What Is SEC Form 10?
SEC Form 10 is a filing with the Securities and Exchange Commission (SEC), also known as the General Form for Registration of Securities. It is used to register a class of securities for potential trading on U.S. exchanges. Any company with over $10 million in total assets and 750 or more shareholders is required to file a Form 10 with the SEC.
Any company under these thresholds may file a Form 10 voluntarily. The Form 10 registration statement automatically becomes effective sixty days post-filing.
- SEC Form 10, or the General Form for Registration of Securities, is a required regulatory filing for an entity that wishes to sell or issue securities.
- The form is a necessary requirement pursuant to Section 12(b) or (g) of the Securities Exchange Act of 1934, but is not sufficient on its own to register.
- It is only required by companies with more than $10 million in assets and 750 shareholders or more, and voluntary if these thresholds are not met.
Understanding SEC Form 10
The filing of SEC Form 10 is a necessary but insufficient step to register securities for trading. Financial Industry Regulatory Authority (FINRA) must approve the trading of the securities.

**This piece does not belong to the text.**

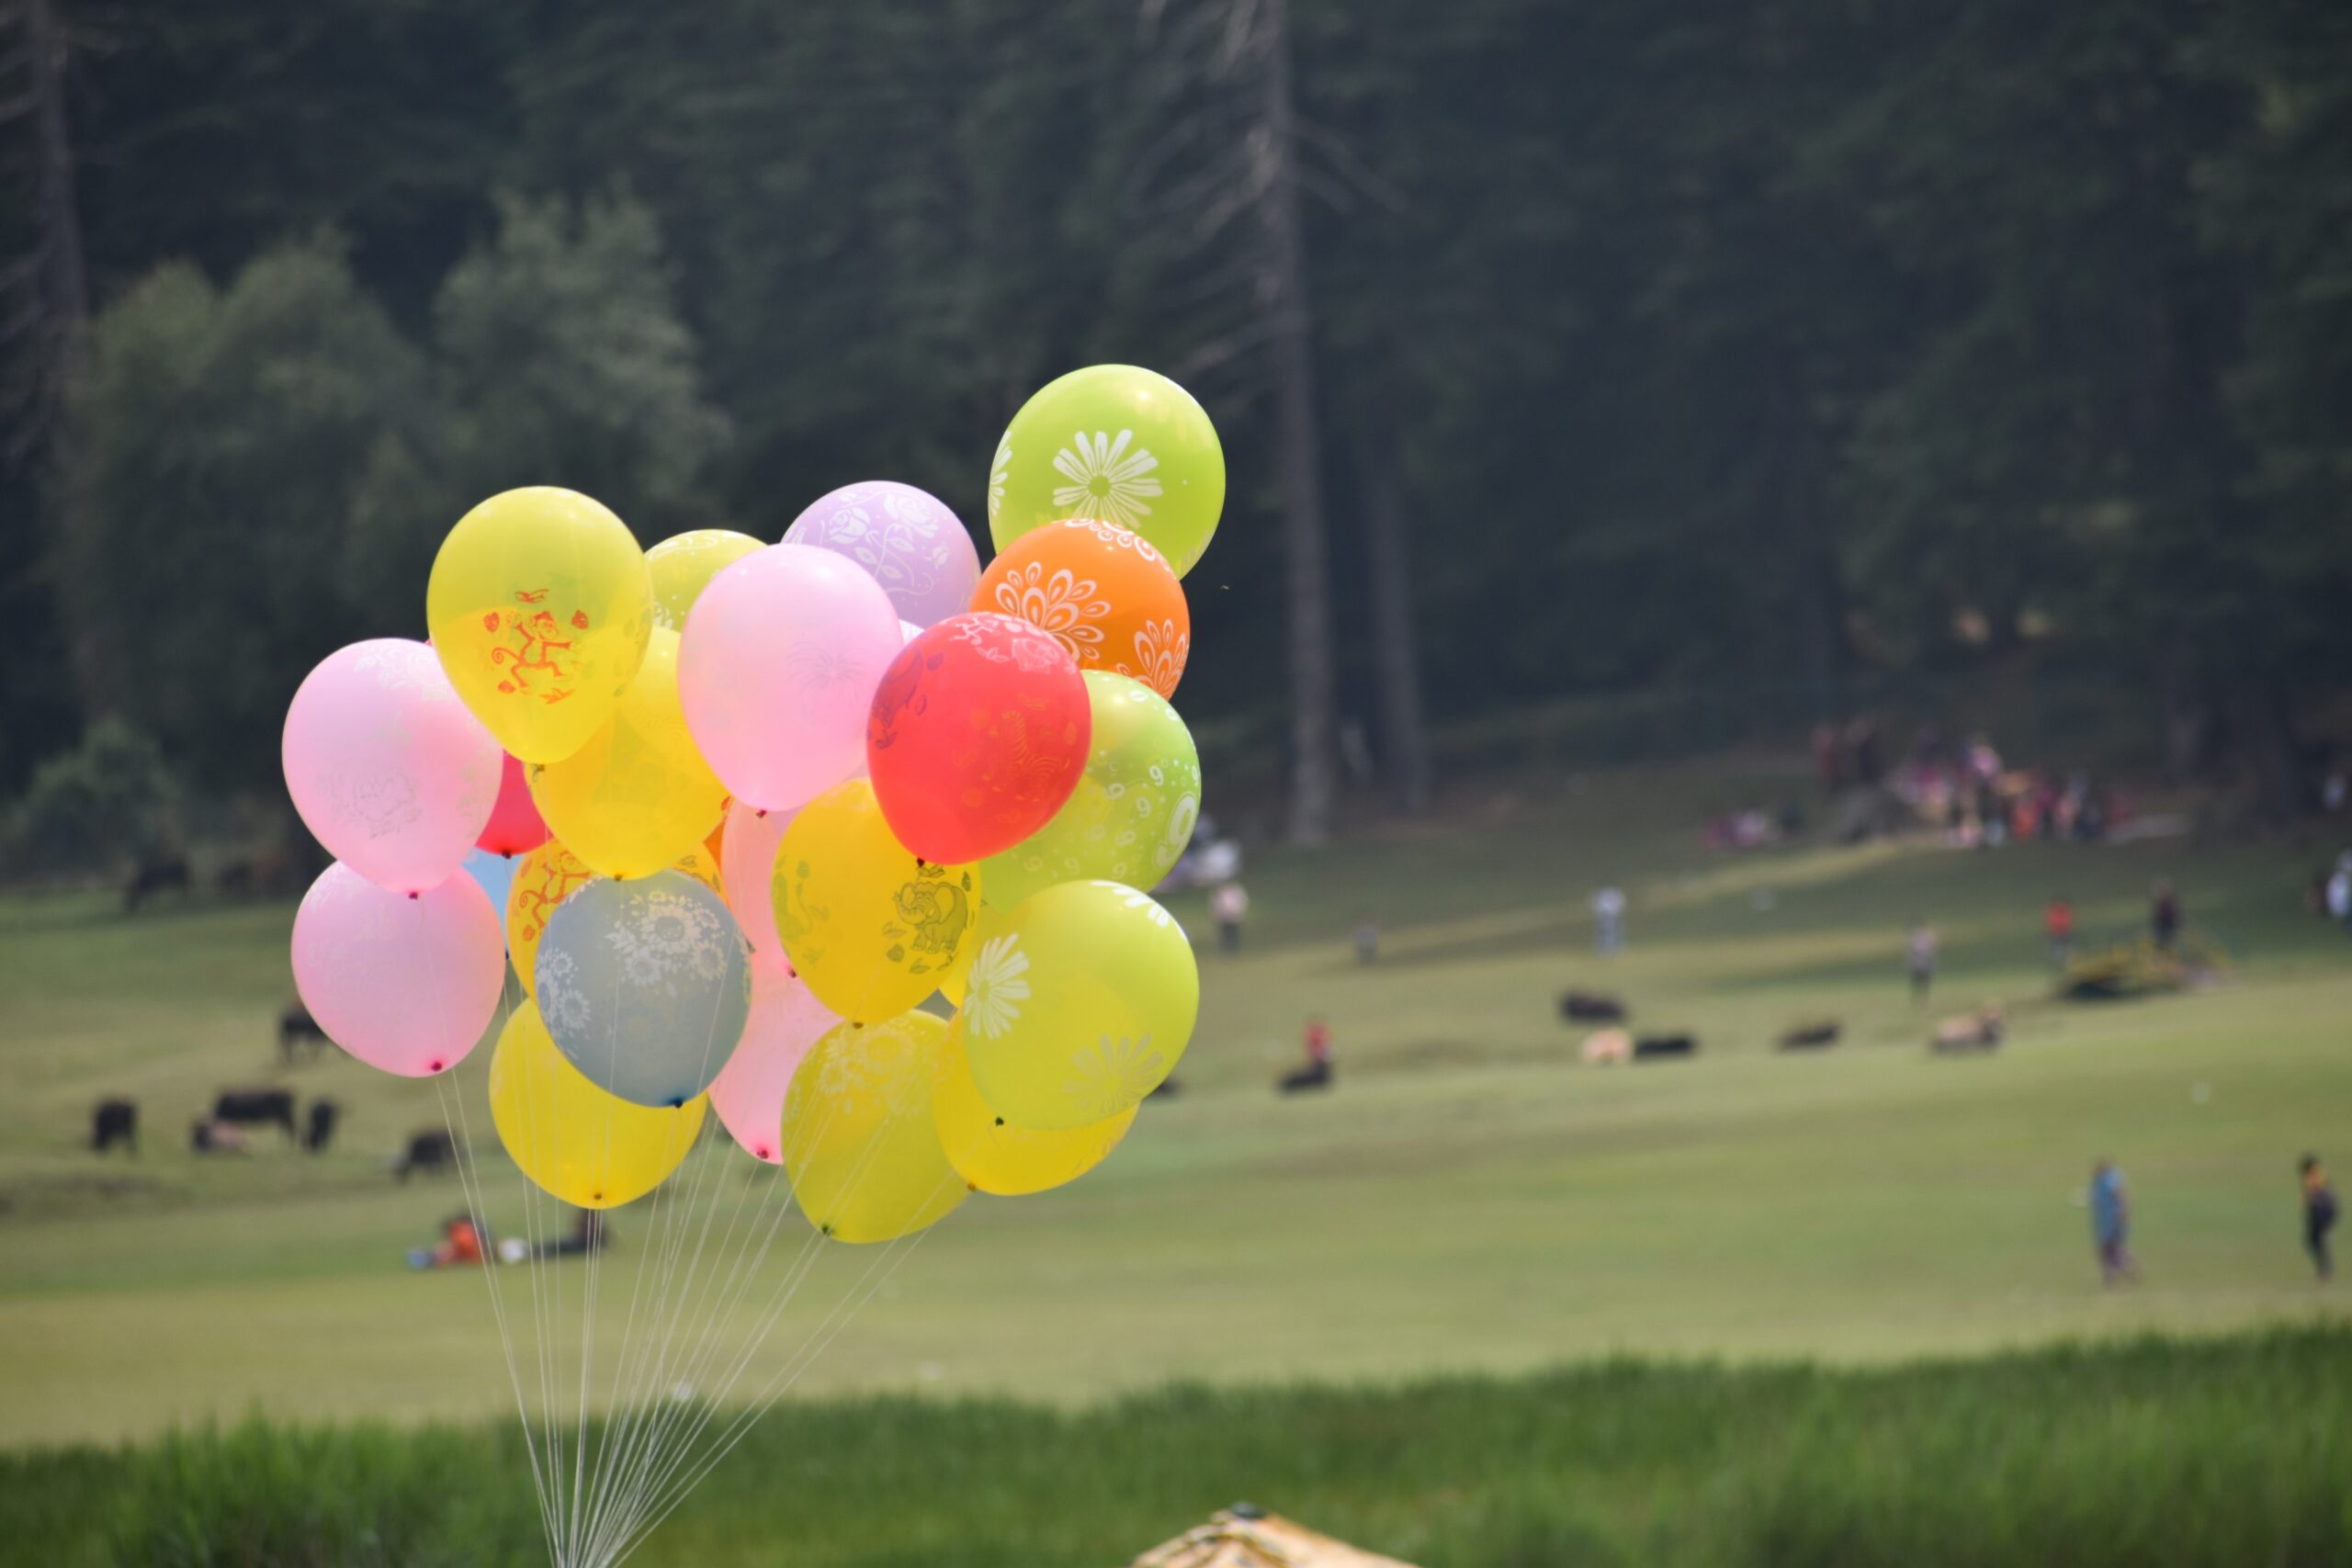 Large cluster of balloons in a park

When the registration statement takes effect, other reporting requirements are triggered. The issuer must file annual reports (10-K), quarterly reports (10-Q), current reports (8-K) and annual proxy statements. In addition, management and shareholders become subject to the beneficial ownership reporting requirements of Sections 13 and 16 of the Securities Exchange Act of 1934.

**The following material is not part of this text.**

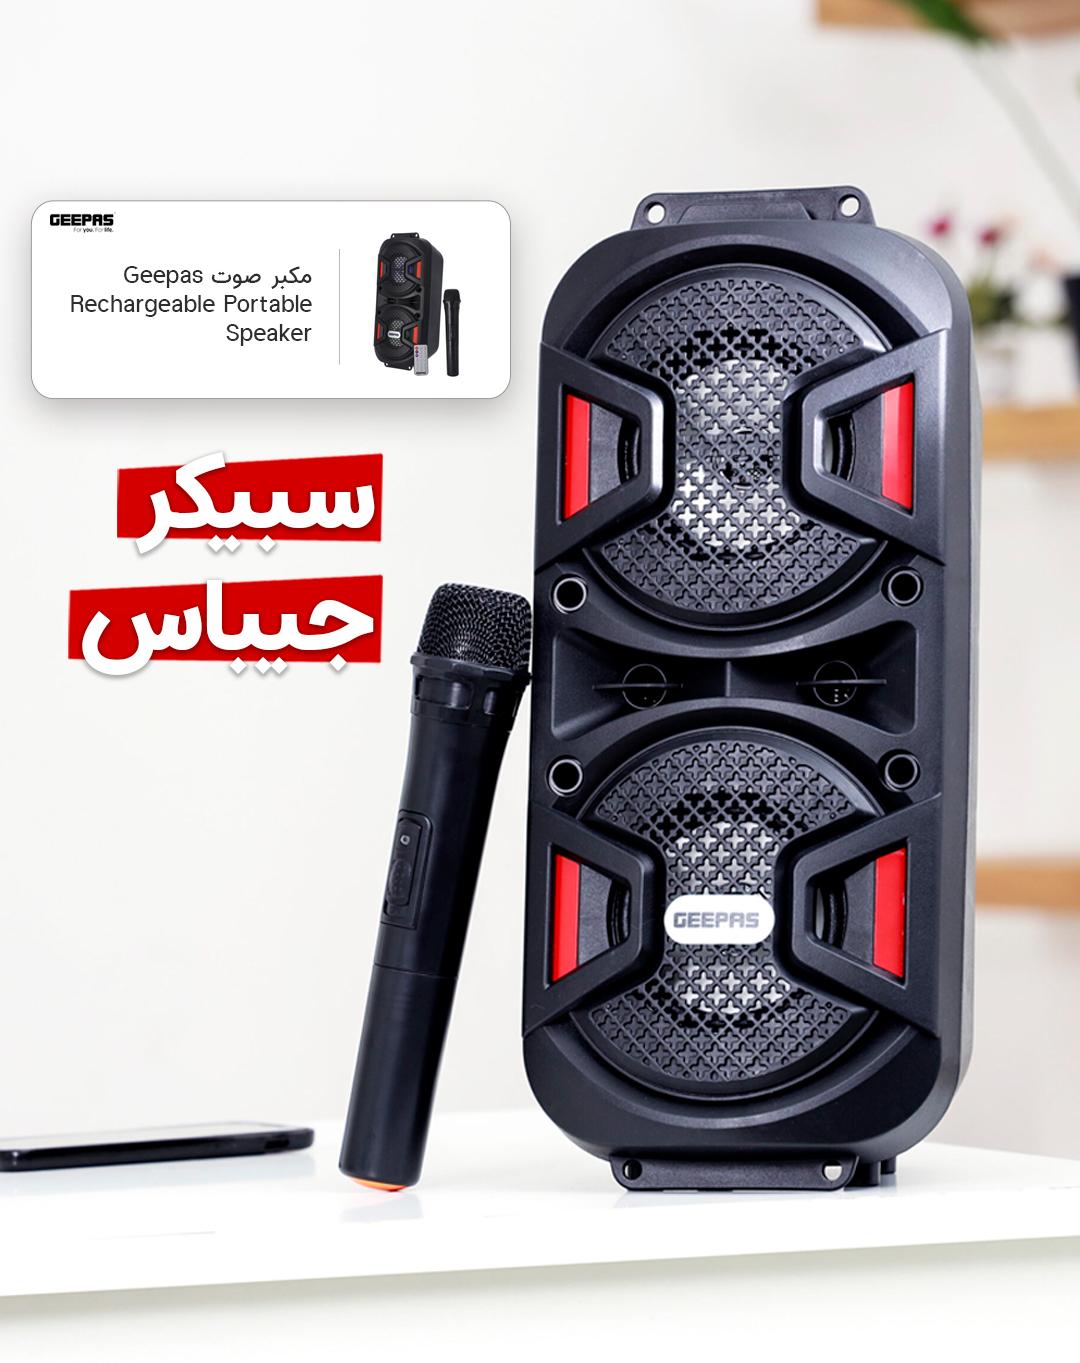 Geepas Rechargeable Portable Speaker - Portable Handle with 1500 MAH Huge Battery- TWS Connection & Compatible with BT/ USB/ AUX/ FM/ Micro SD - Ideal for Home, Hotels, Trips & Outdoor Use

The Elements of SEC Form 10
The General Form for Registration of Securities includes the following items that need to be furnished:
- Risk Factors
- Financial Information
- Security Ownership of Certain Beneficial Owners and Management
- Directors and Executive Officers
- Executive Compensation
- Certain Relationships and Related Transactions, and Director Independence
- Legal Proceedings
- Market Price of and Dividends on the Registrant's Common Equity and Related Stockholder Matters
- Recent Sales of Unregistered Securities
- Description of Registrant's Securities to be Registered
- Indemnification of Directors and Officers
- Financial Statements and Supplementary Data
- Changes in and Disagreements with Accountants on Accounting and Financial Disclosure
- Financial Statements and Exhibits
Three complete copies of the registration statement, including financial statements, exhibits and all other papers and documents filed as a part thereof, and five additional copies which need not include exhibits, shall be filed with the SEC. At least one complete copy of the registration statement, including financial statements, exhibits and all other papers and documents filed as a part thereof, shall be filed with each exchange on which any class of securities is to be registered. At least one complete copy of the registration statement filed with the SEC and one such copy filed with each exchange shall be manually signed. Copies not manually signed shall bear typed or printed signatures.
Information required by any item or other requirement of the Form 10 with respect to any foreign subsidiary may be omitted to the extent that the required disclosure would be detrimental to the registrant. However, financial statements, otherwise required, shall not be omitted pursuant to this instruction. Where information is omitted pursuant to this instruction, a statement shall be made that such information has been omitted and the names of the subsidiaries involved shall be separately furnished to the SEC . The SEC may, in its discretion, call for justification that the required disclosure would be detrimental.